* **Dataset content**:
......

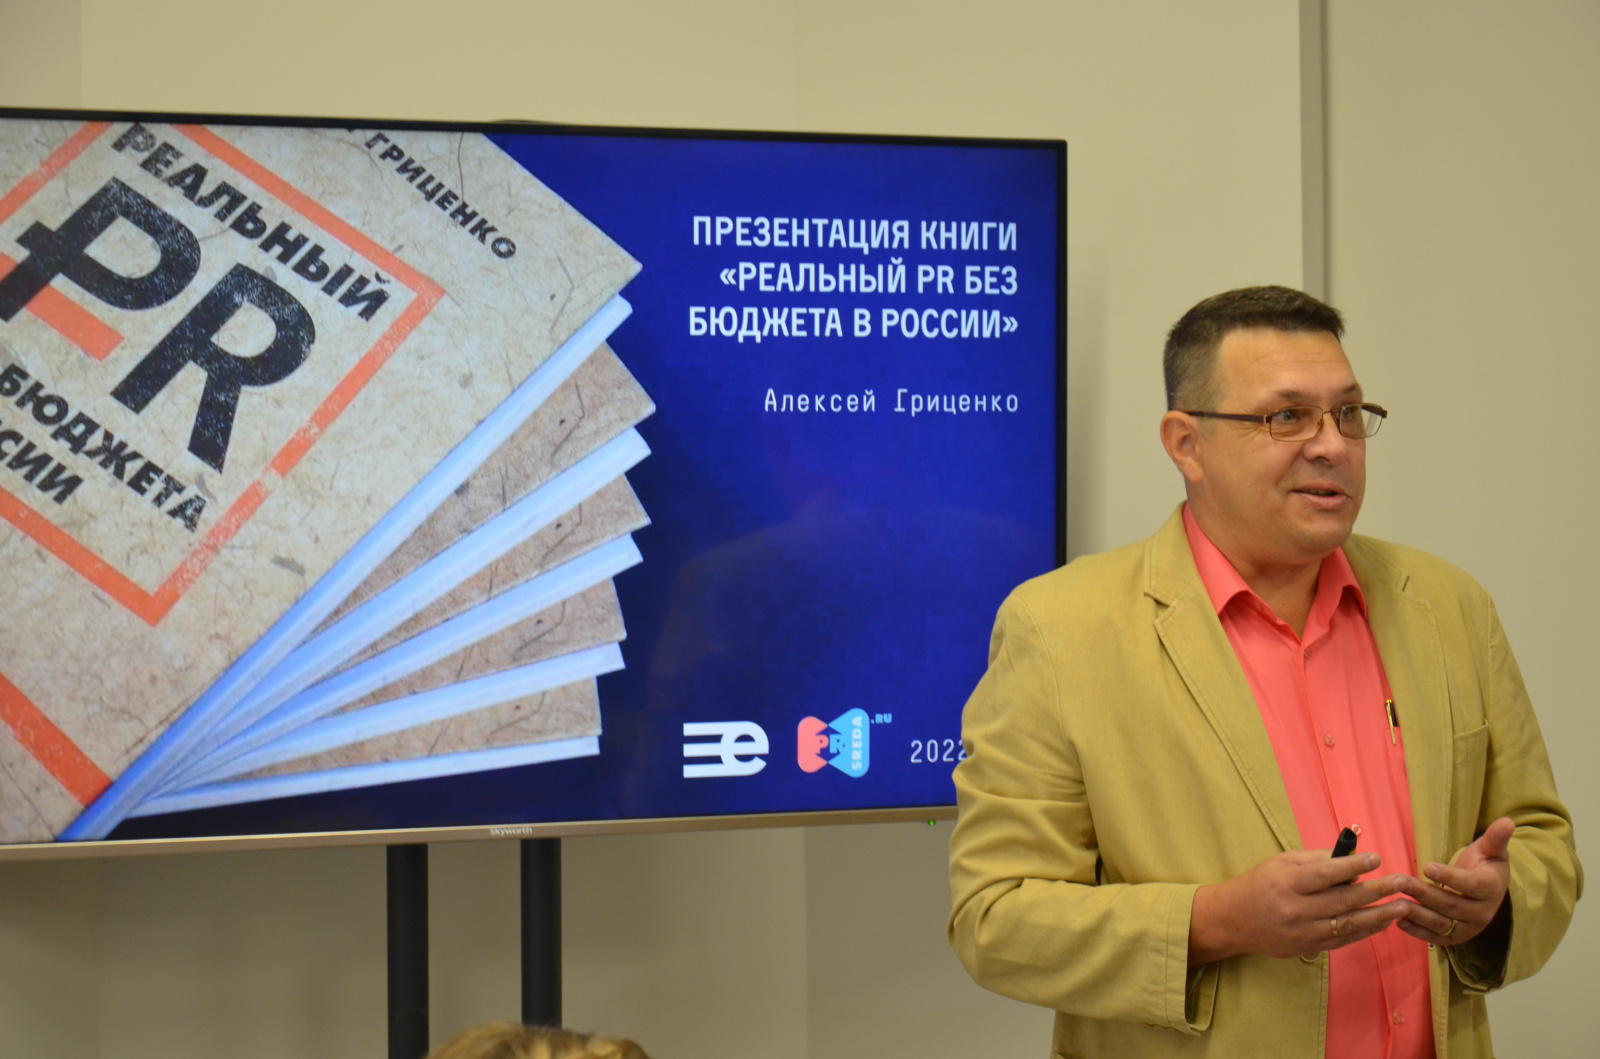 В международном холдинге «ЕвроМедиа» состоялась презентация книги Алексея Гриценко «Реальный PR без бюджета в России»
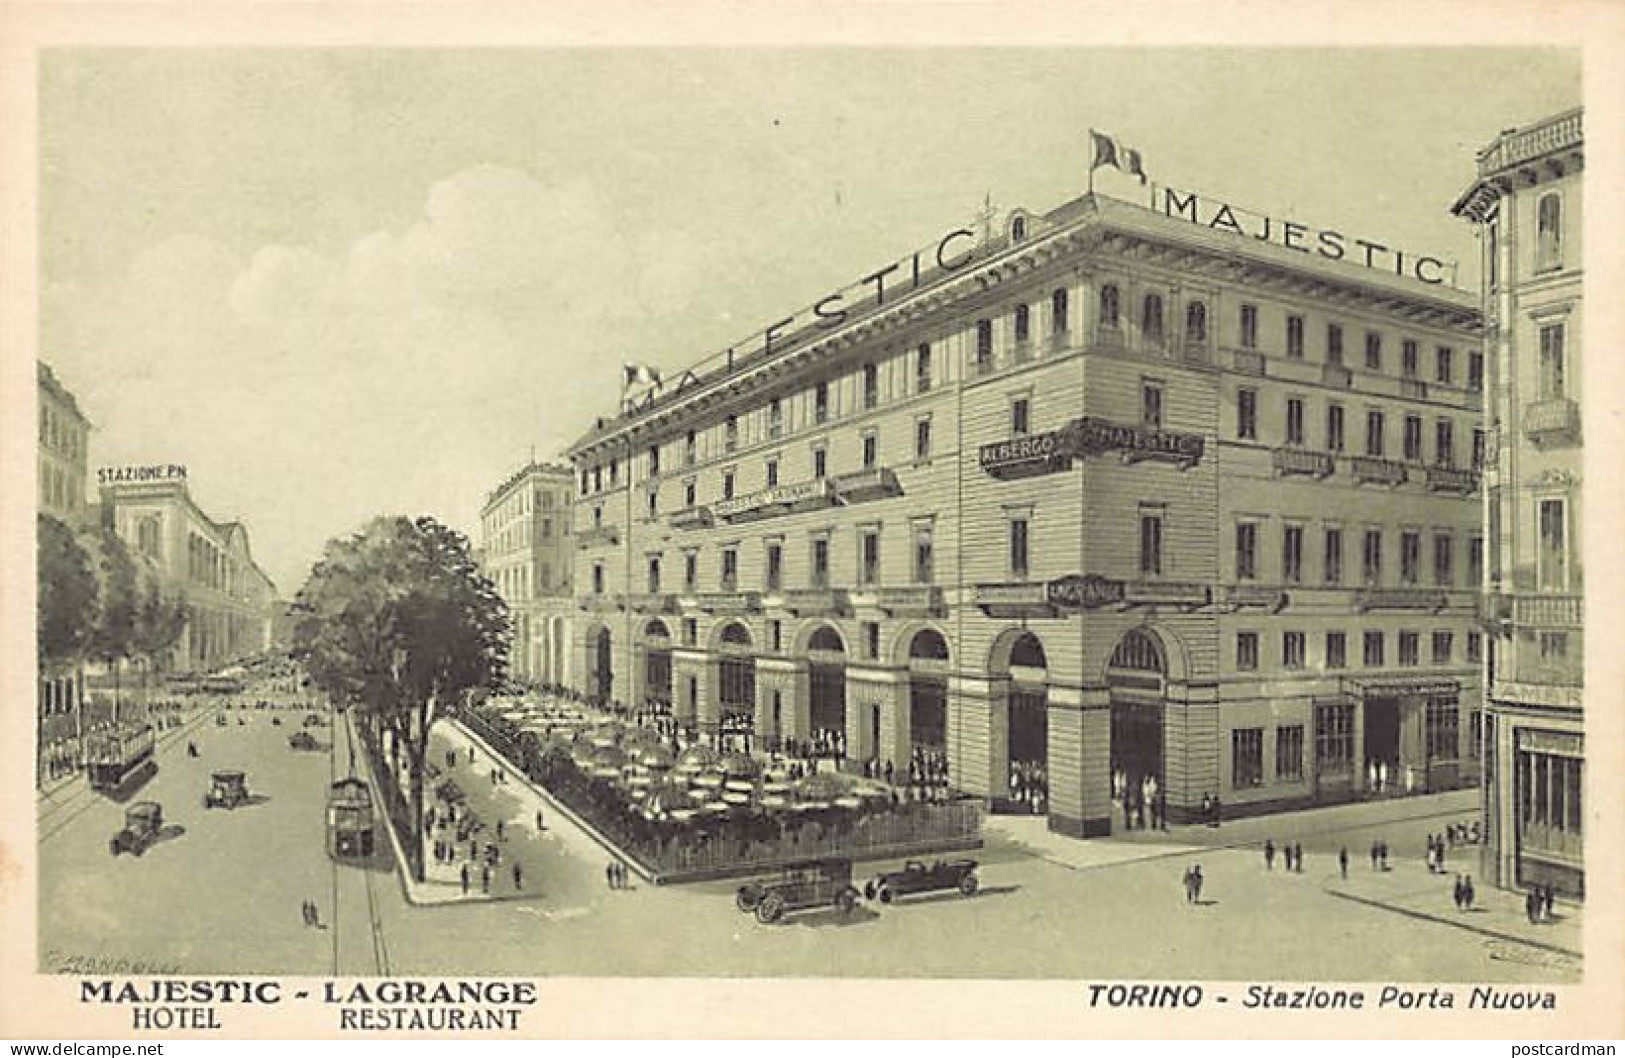  TORINO - Hotel Majestic Lagrange - Stazione Porta Nuova - Bar, Alberghi & Ristoranti
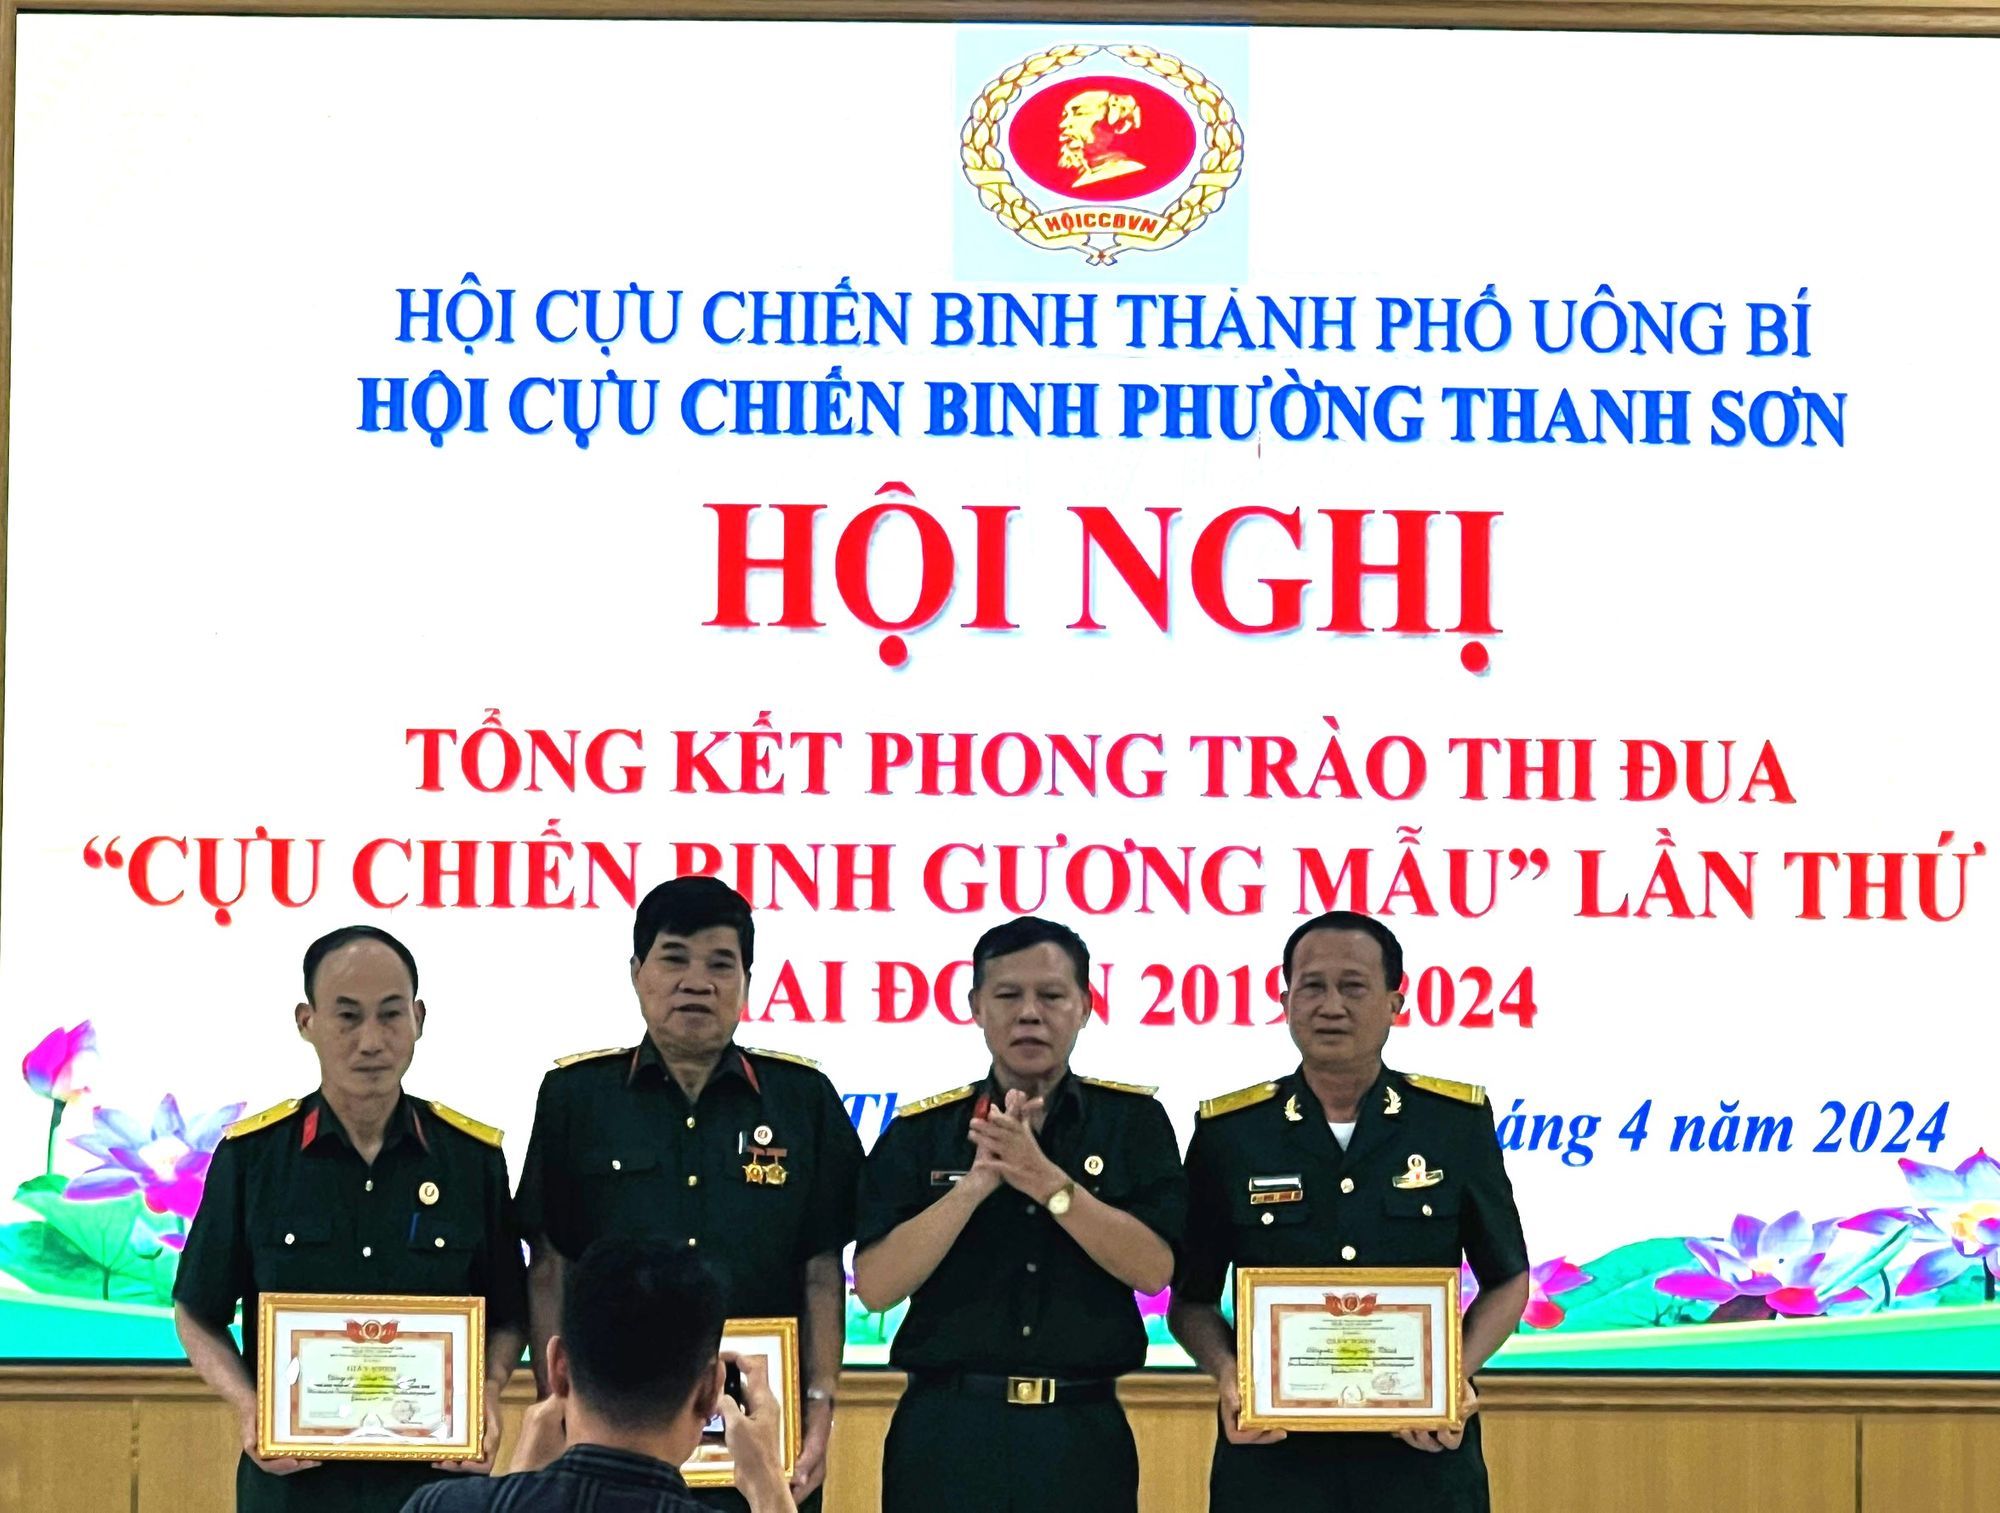 Hội CCB phường Thanh Sơn (Quảng Ninh): Tổng kết phong trào thi đua “CCB gương mẫu” giai đoạn 2019-2024

......

* **What is needed**: Take the line containing "TORINO - Hotel" and every line after it through the end of the data, and write them out exactly, with no pictures.

* **Worked solution**:
  TORINO - Hotel Majestic Lagrange - Stazione Porta Nuova - Bar, Alberghi & Ristoranti
 Hội CCB phường Thanh Sơn (Quảng Ninh): Tổng kết phong trào thi đua “CCB gương mẫu” giai đoạn 2019-2024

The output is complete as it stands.